If you use Pinterest, you can put it there, then open it in a tab by itself, and copy that URL.
Caveat: if the image is removed from the hosting site, it will disappear from the post, also. Photobucket was always the host of choice, but now the only allow third party posting from premium accounts.
I have a couple of seed catalogs in the mail including number 1 in my garden, Territorial Seed out of Oregon and also new to me was a AM Leonard tool catalog with hundreds of different shovels, long handled pruners and hand Pruners. I hired a neighbor to do some yard clean up. He is coming back Monday to finish plus spade a 12’ x 12’ patch for new strawberries. Our weather has been unusually clear and warm. More on another day...
Just planted a ponderosa pine seedling brought from Northern Arizona. Don’t think it will grow in arid region. However, the Italian Pine is coming along and I believe will one day be a marvellous addition to landscape.

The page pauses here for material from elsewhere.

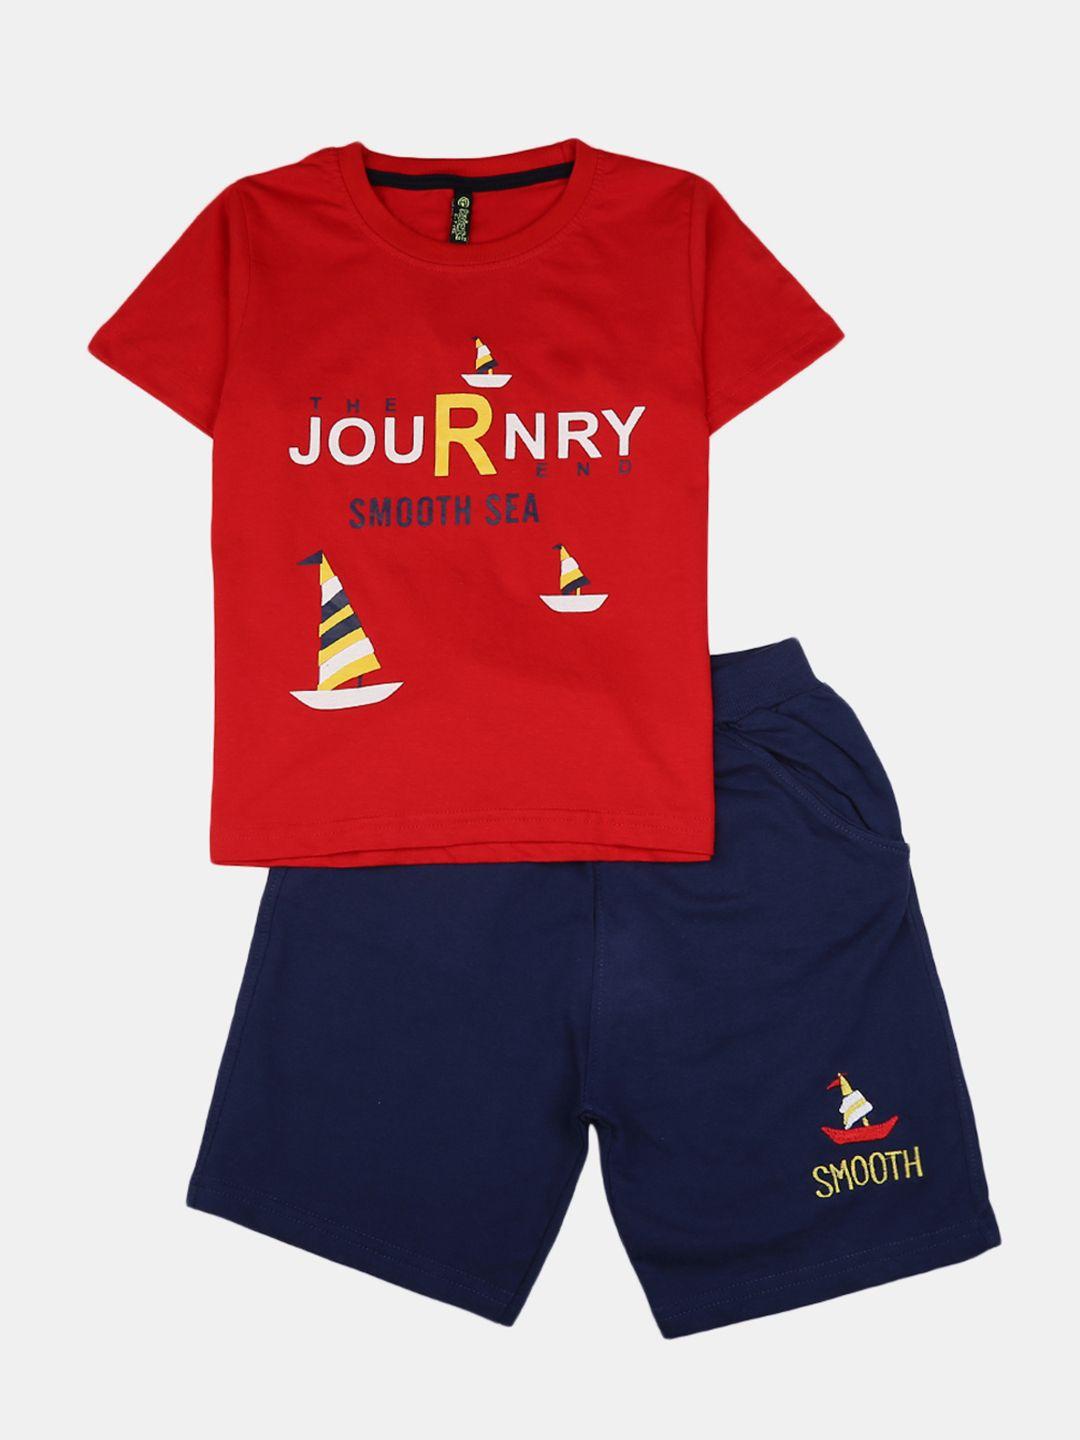 v-mart unisex kids red and navy blue printed pure cotton t shirt with shorts

Normal February weather in Central Missouri. Sunny and pleasant yesterday, cold north wind and freezing rain today. lol
Went to the sawmill this morning and retrieved my trailer. It was dry when I got home, but by the time I’d finished unloading it was misting rain which is now freezing on everything. Unloading the wood didn’t trigger any back spasms so hopefully I’m past that for awhile.
I need to work on our tax return, so it can do what it’s going to do outside.
I’m goint to go nuts this year planting Cannas. Mostly from seed. The Tropical and Cannova series from Takii seed seem to be good, and there’s fewer problems with Canna viruses from seed. But I did buy a few rhizomes at Wallymart, so we’ll see.
Interesting thing with Takii Canna seed is that they scarify the seeds for you, by burning two little holes in the hard seed coat with a laser. Looks like a snake bite. But at 40 or 50 cents per seed, they should engrave your name on them.
We got about a quarter inch of ice overnight. Not enough to cause tree damage, but it sure is slick out there this morning.
I got my YakTrax out of the closet. Haven’t needed them in two winters until today.